Data supplied —
····················

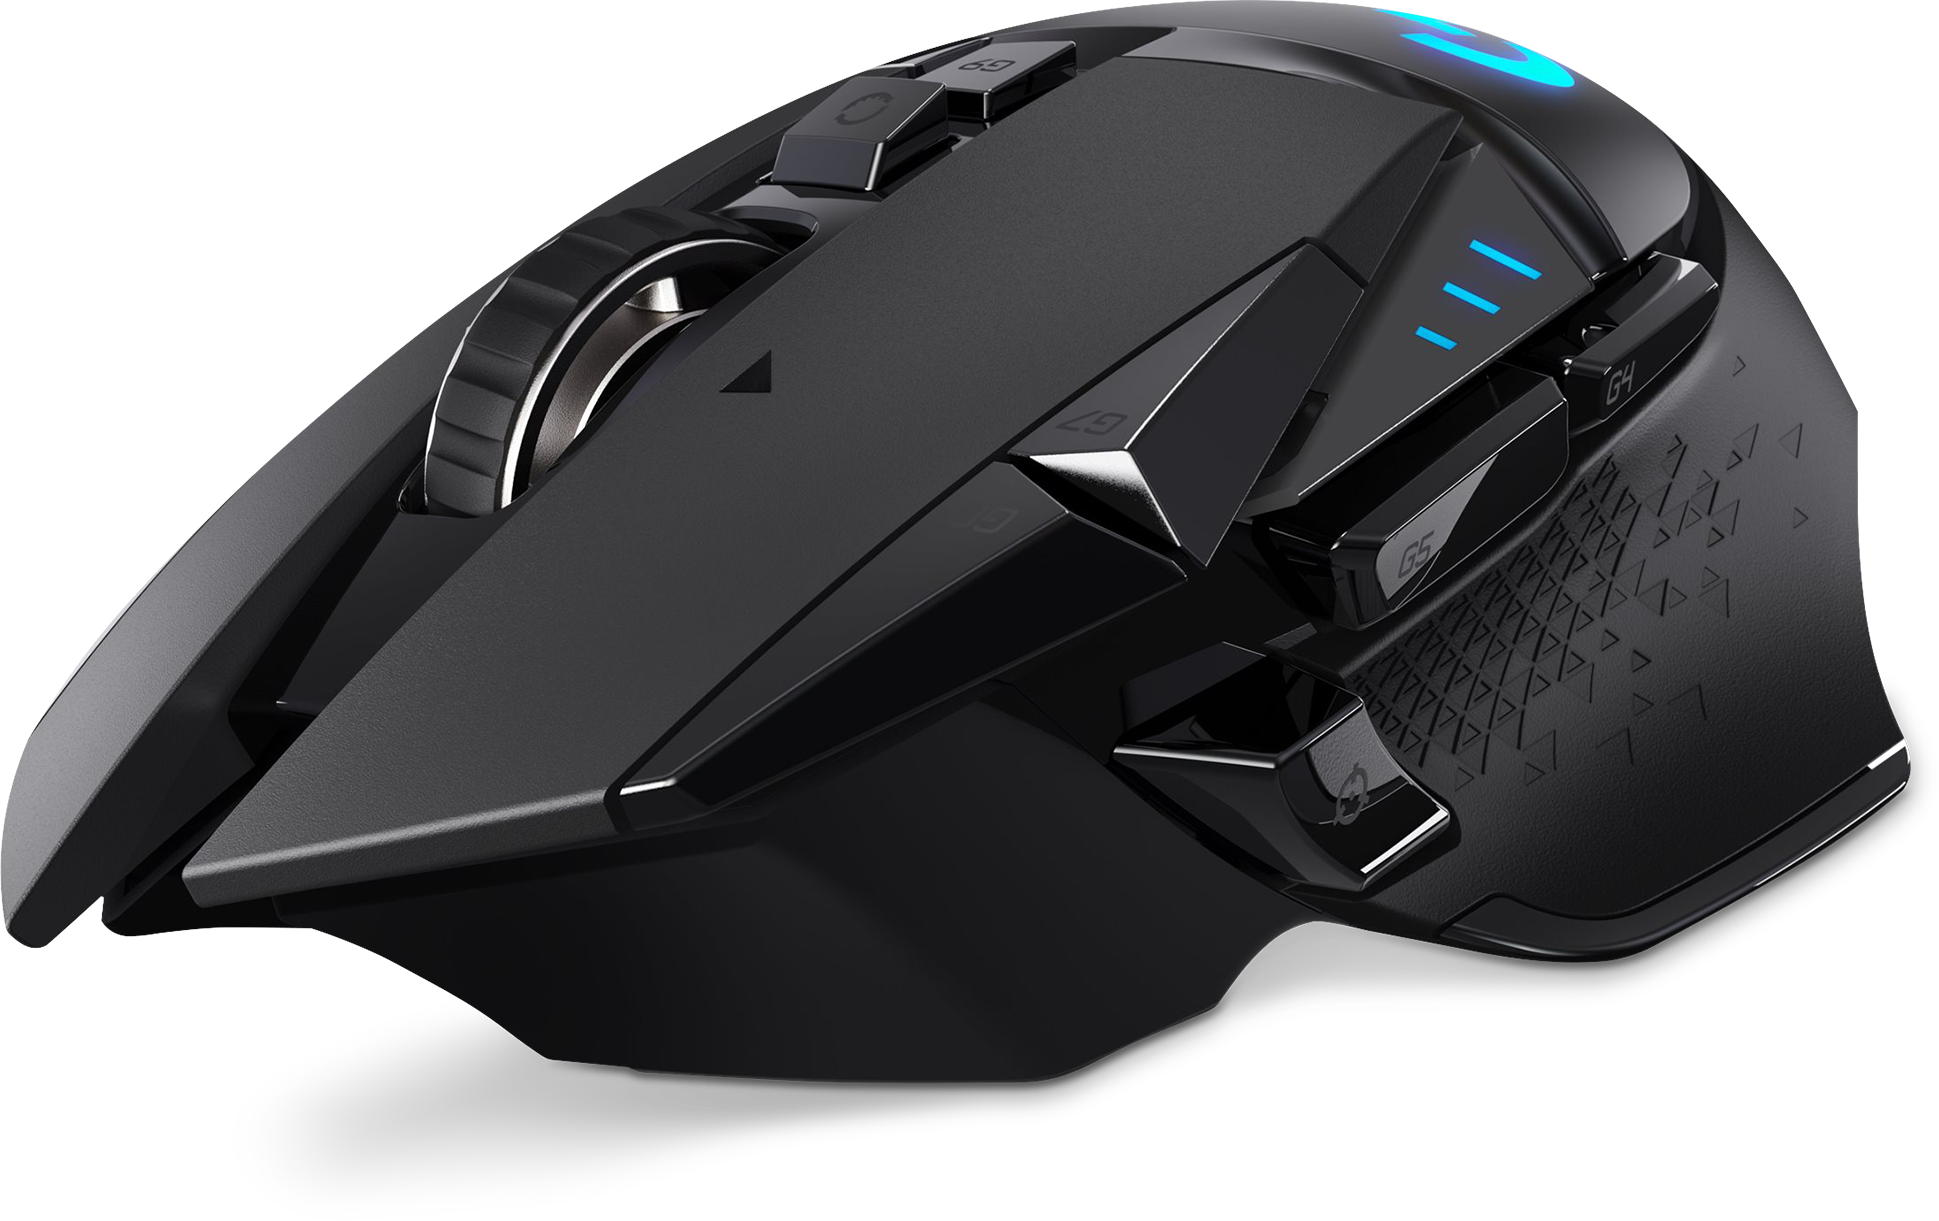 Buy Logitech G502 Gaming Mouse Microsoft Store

····················

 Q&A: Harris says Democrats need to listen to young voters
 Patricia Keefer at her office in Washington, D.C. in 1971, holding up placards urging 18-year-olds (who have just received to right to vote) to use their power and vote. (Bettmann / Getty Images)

····················

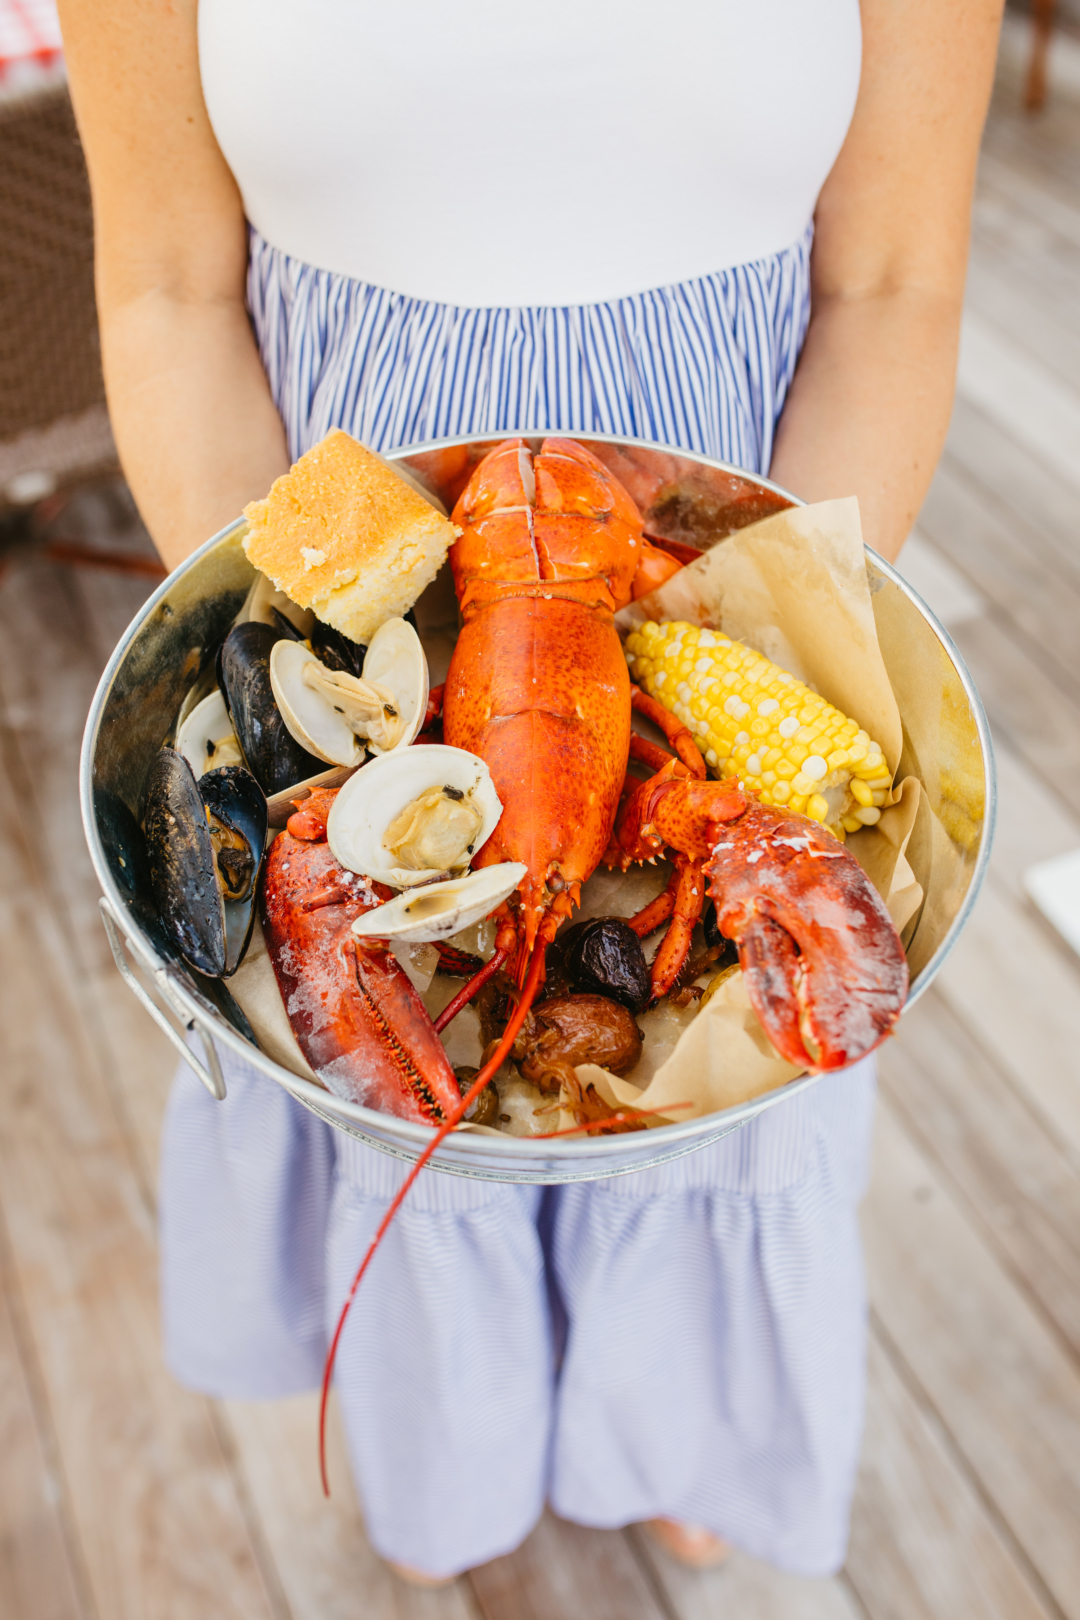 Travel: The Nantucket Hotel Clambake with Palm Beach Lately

····················

Problem details — Using the data above, reproduce exactly the lines from the line that contains "Q&A: Harris says" through the line that contains "Patricia Keefer at", including both.

Answer —
 Q&A: Harris says Democrats need to listen to young voters
 Patricia Keefer at her office in Washington, D.C. in 1971, holding up placards urging 18-year-olds (who have just received to right to vote) to use their power and vote. (Bettmann / Getty Images)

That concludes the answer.